В Чехословакии, осенью 1944 года, два наших танка ИС-2 перерезали немцам горную дорогу, единственную возможность к прорыву из окружения. Наш полк кинули туда в заслон, но позиции неудачные, немцы сверху, а мы снизу, как на ладони. Целую неделю шли беспрерывные, страшные по своему накалу бои за эту дорогу, немцы шли напролом. Каждый день к нам перебрасывали по 600 человек пополнения, но к вечеру в строю оставалось меньше полсотни человек...
Г.К. - Солдаты и офицеры как-то между собой обсуждали действия генералов?
М.Р. - Я не помню такого. Мне приходилось на войне два раза лично видеть маршалов. Один раз маршал Конев ходил по нашим окопам и беседовал с солдатами.
А второй раз, на Днепре, я стал свидетелем, как маршал Жуков плеткой отхлестал пожилого генерал-лейтенанта, видимо, ответственного за переправу. Машина с РС-ами застряла на понтонном мосту и движение прекратилось... Так Жуков его и лупцевал у всех на глазах... Неприятный осадок до сих пор остался от того случая ...
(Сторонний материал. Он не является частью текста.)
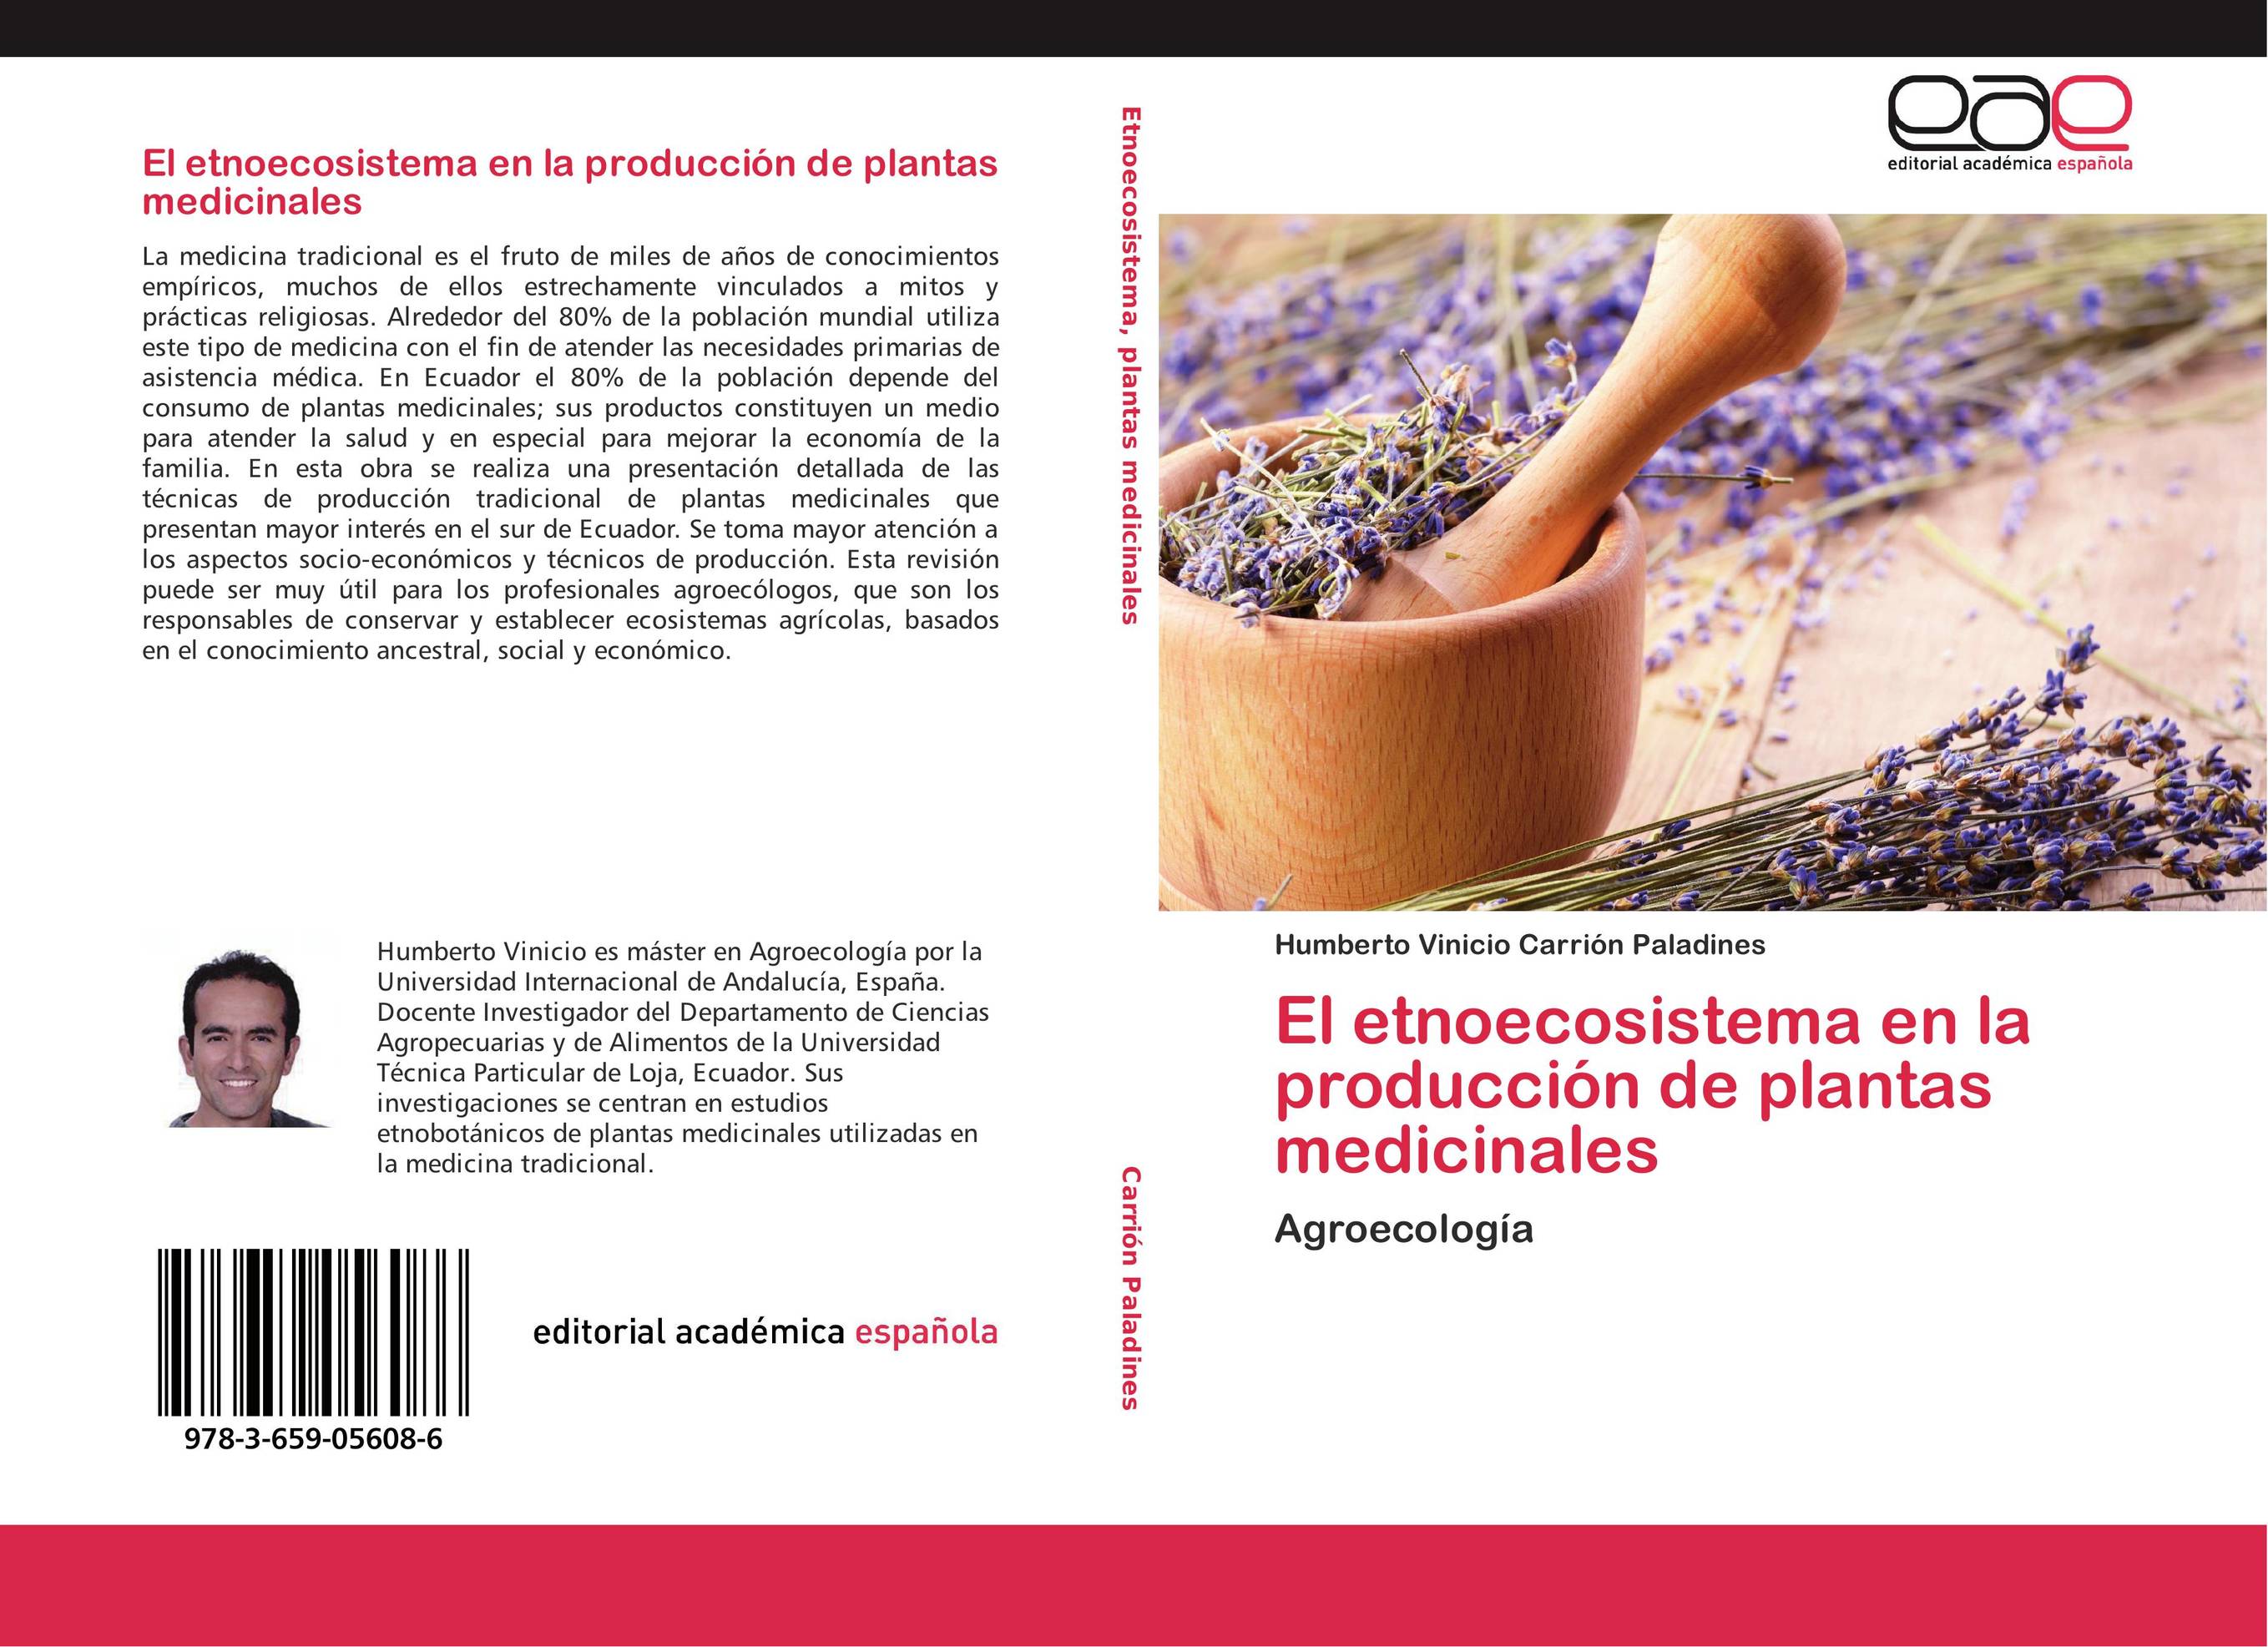 El etnoecosistema en la producción de plantas medicinales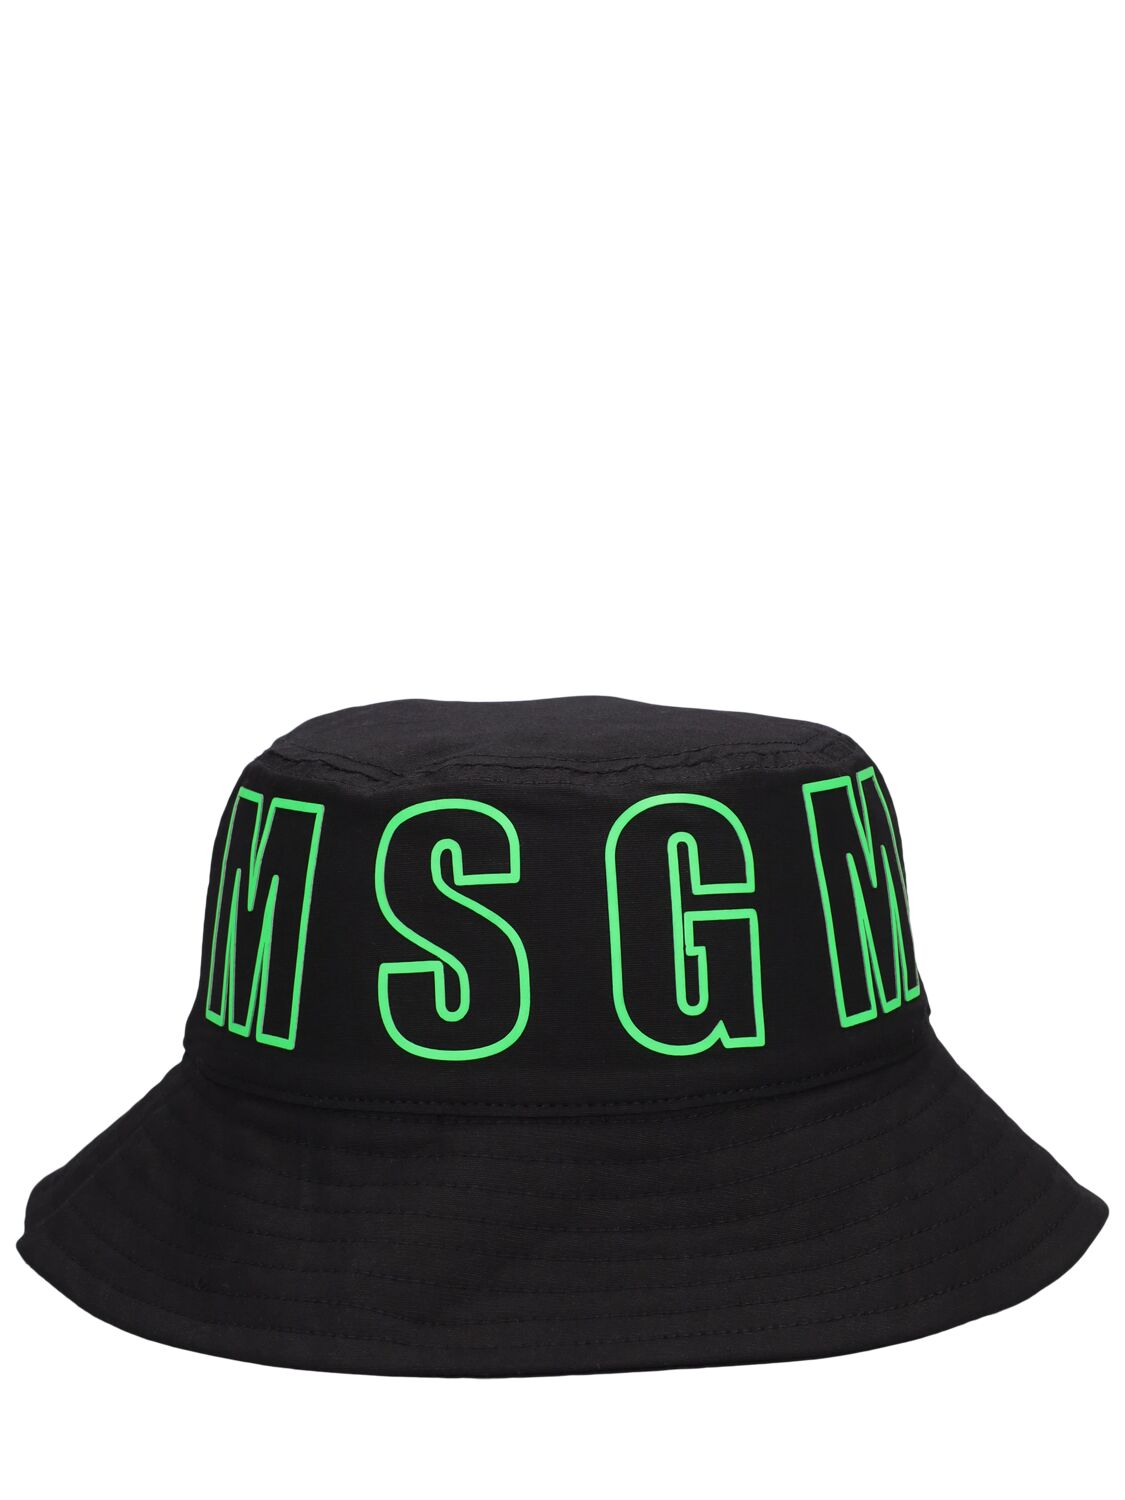 Msgm Kids' Cotton Bucket Hat In Black

Г.К. - "Национальный вопрос" как то ощущался на фронте?
М.Р. - Я за войну воевал в трех разных дивизиях и ни разу не слышал от своих солдат и офицеров каких-то антисемитских высказываний.
Г.К. - Ваше отношение к политработникам?
М.Р. - После Сталинграда мое отношение к ним изменилось в худшую сторону.
По моему мнению, они просто мешали воевать. Сам я вступил в партию на фронте весной 1943, но коммунист и политработник - это два совершенно разных понятия.
Г.К. - Где довелось служить после окончания войны?
М.Р. - "По четырем ранениям" офицеров из армии не демобилизовывали. Мы стояли в городе Неханец, и до июня 1946 я служил ротным, но позже, меня, как знающего немецкий язык, перевели в отдел репатриации при 5-й УА, назначили начальником эшелона. Потом служил в Вене и Будапеште, писал рапорты с просьбой о демобилизации, и один из этих рапортов, видимо, "дошел до адресата". Отправили меня служить дальше, на Крайний Север, где за Игаркой строилась секретная база для наших подводных лодок. Здесь я служил до 1952 года, от лютых морозов спасались спиртом, но стакан согревал не больше чем на час... Последние полгода перед увольнением из армии дослуживал в Омске.